§ What needs to be done
When you retype the data, keep every word exactly and include none of the pictures.

§ Source data

------------------------------------------------

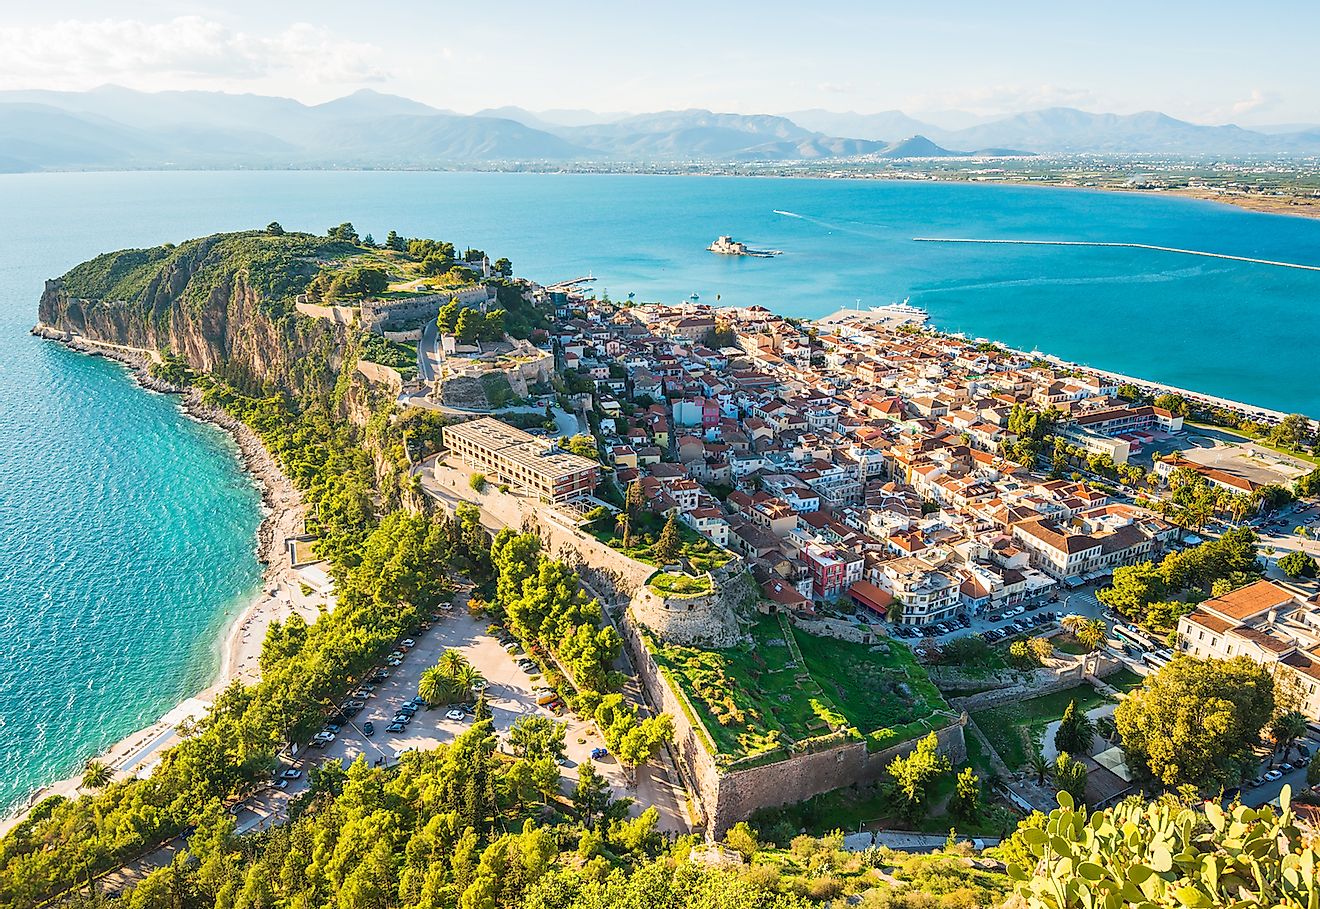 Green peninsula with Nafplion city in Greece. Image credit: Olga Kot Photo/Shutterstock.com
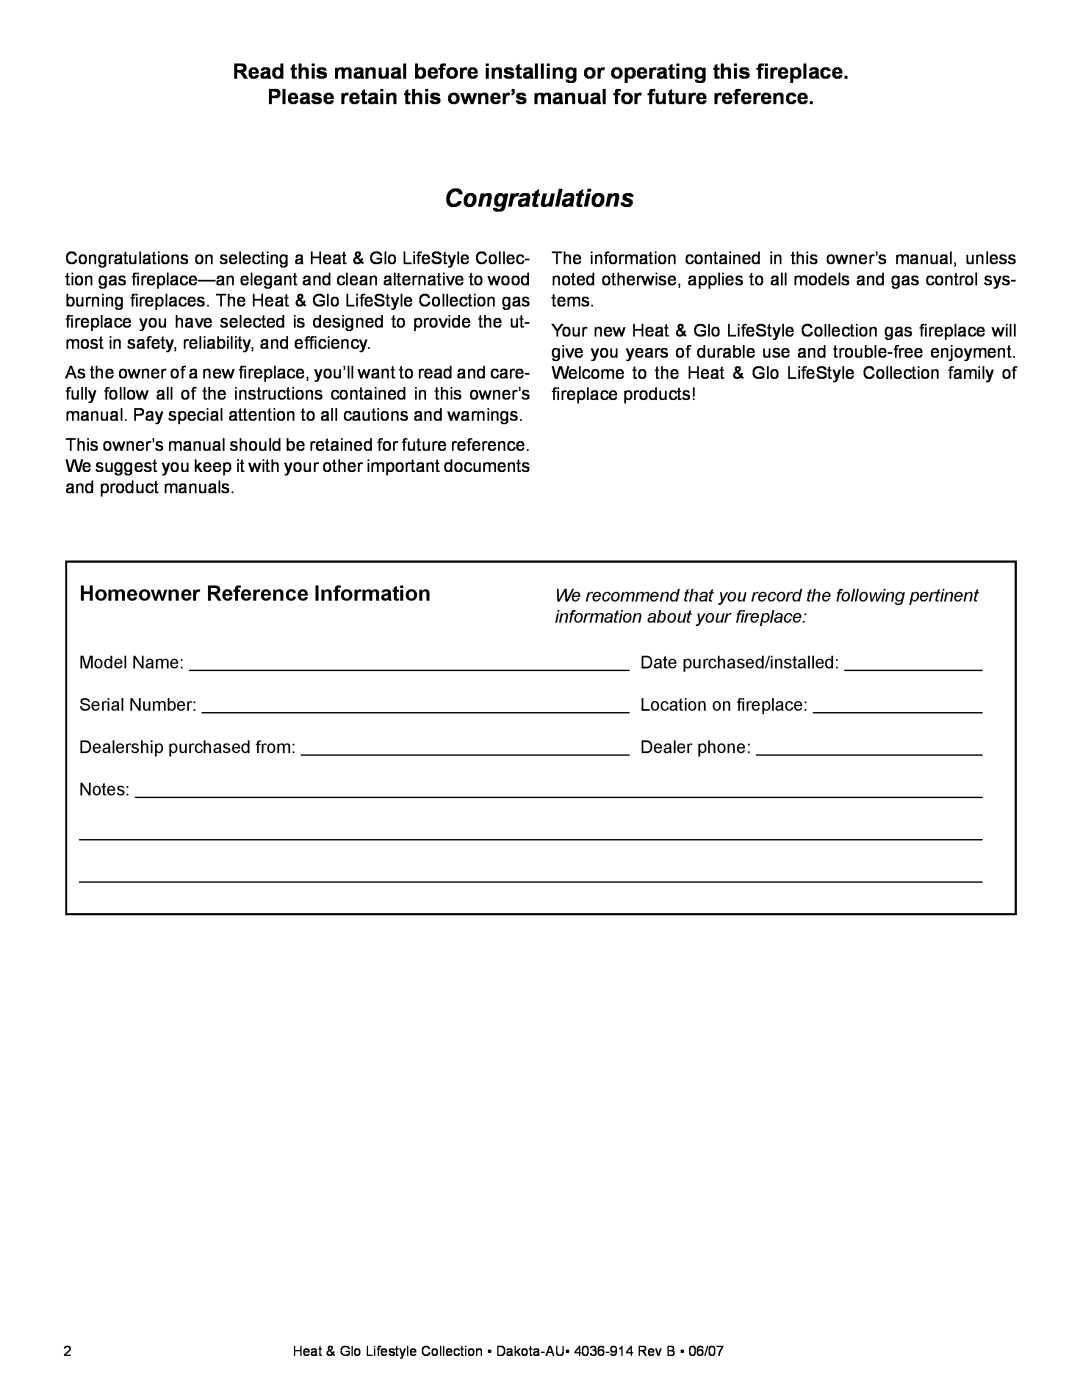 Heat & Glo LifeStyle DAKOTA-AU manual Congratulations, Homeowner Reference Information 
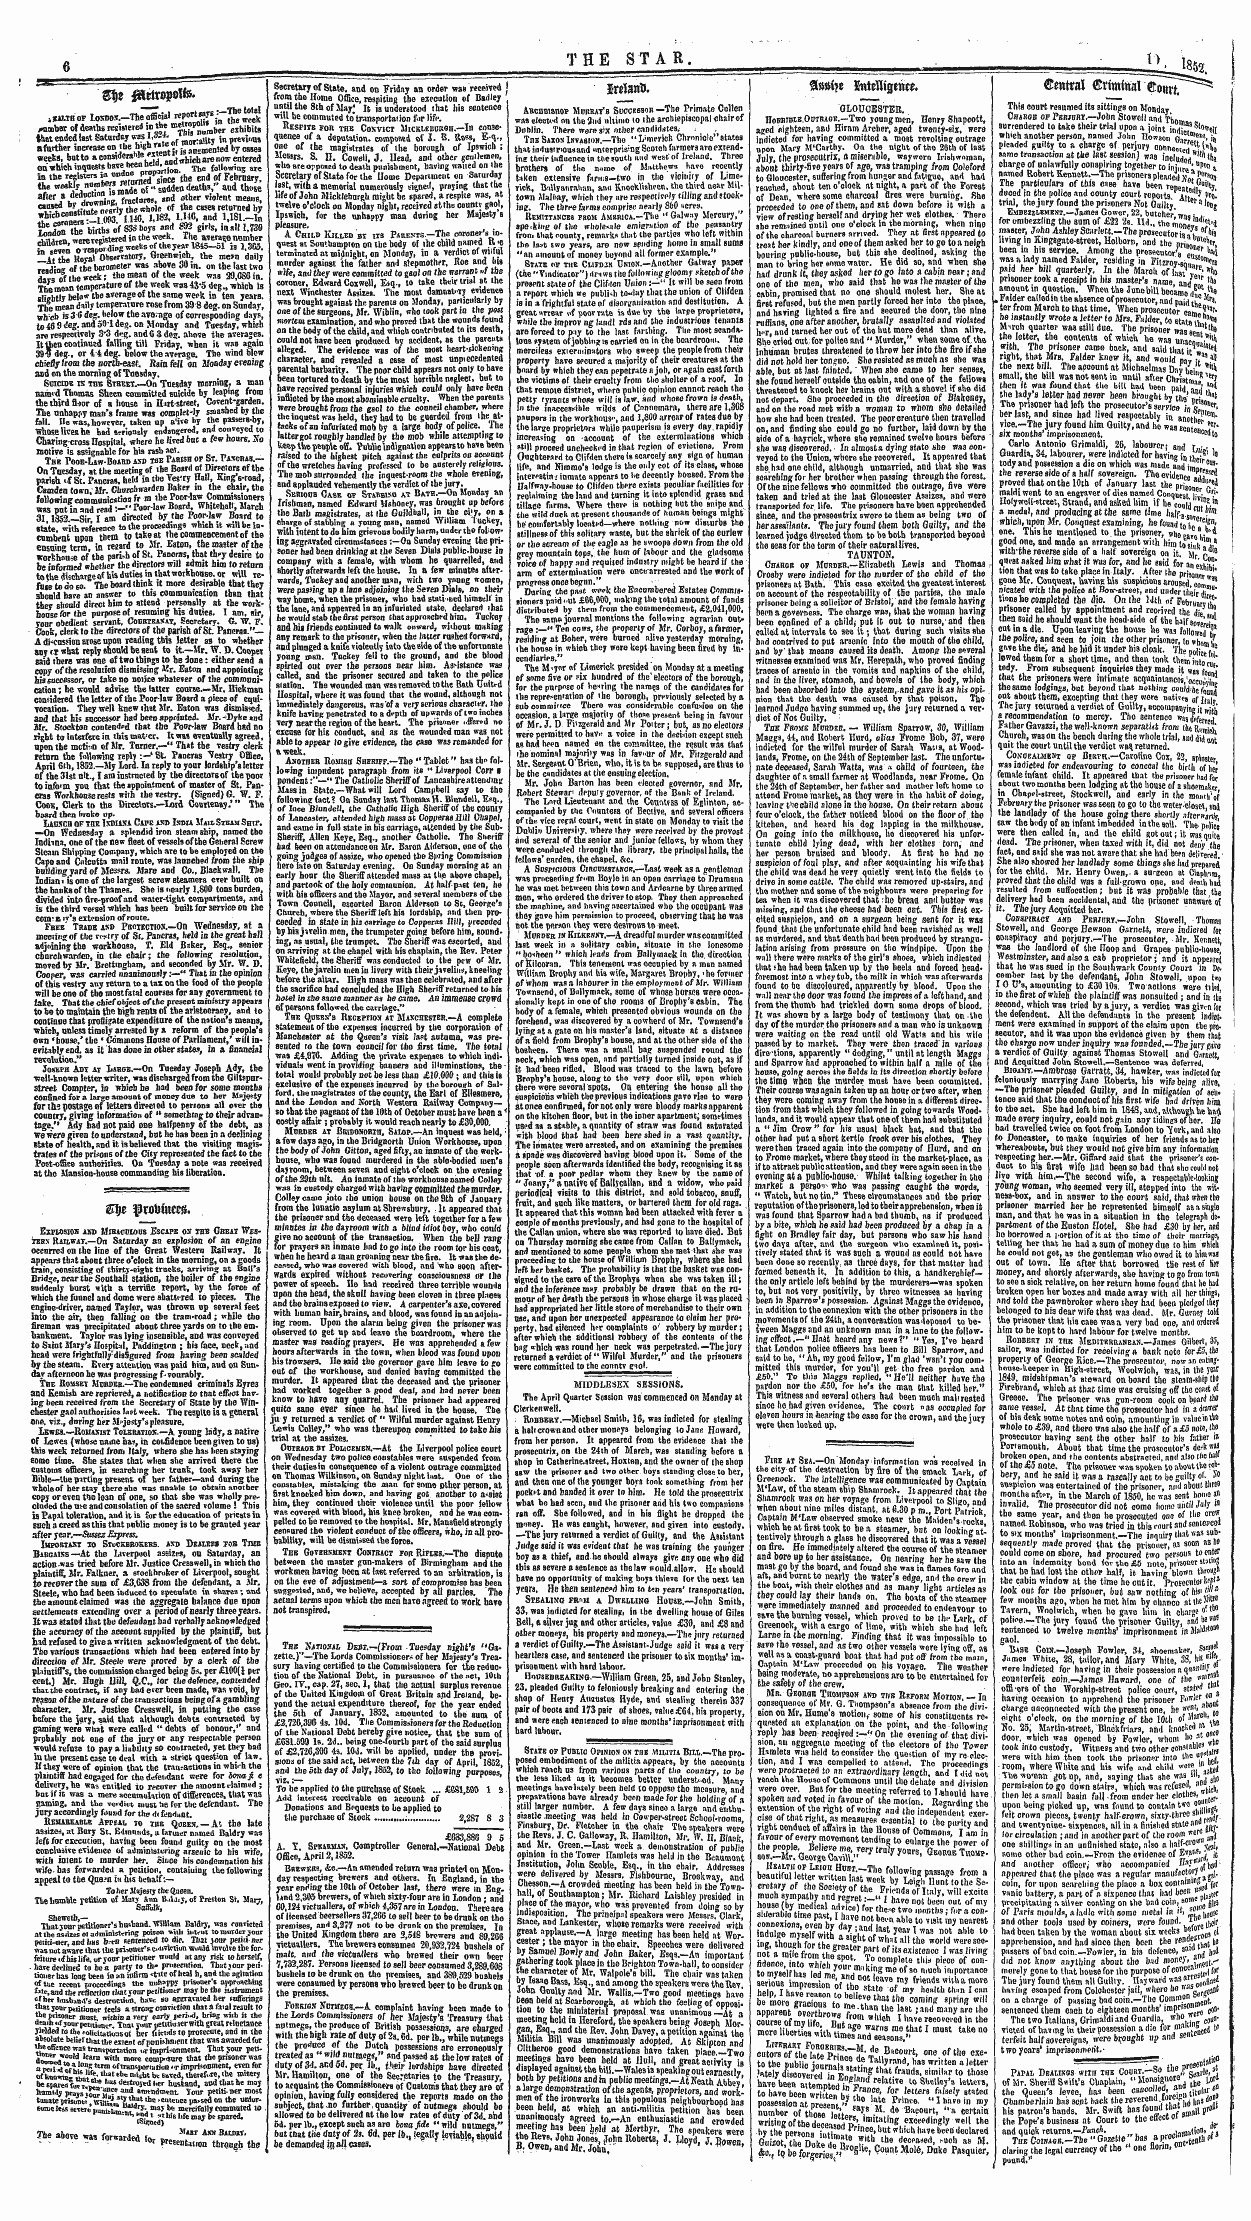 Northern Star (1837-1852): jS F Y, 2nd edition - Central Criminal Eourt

------------------------------------------------

§ Result for this task
 Green peninsula with Nafplion city in Greece. Image credit: Olga Kot Photo/Shutterstock.com
 Heat & Glo LifeStyle DAKOTA-AU manual Congratulations, Homeowner Reference Information 
 Northern Star (1837-1852): jS F Y, 2nd edition - Central Criminal Eourt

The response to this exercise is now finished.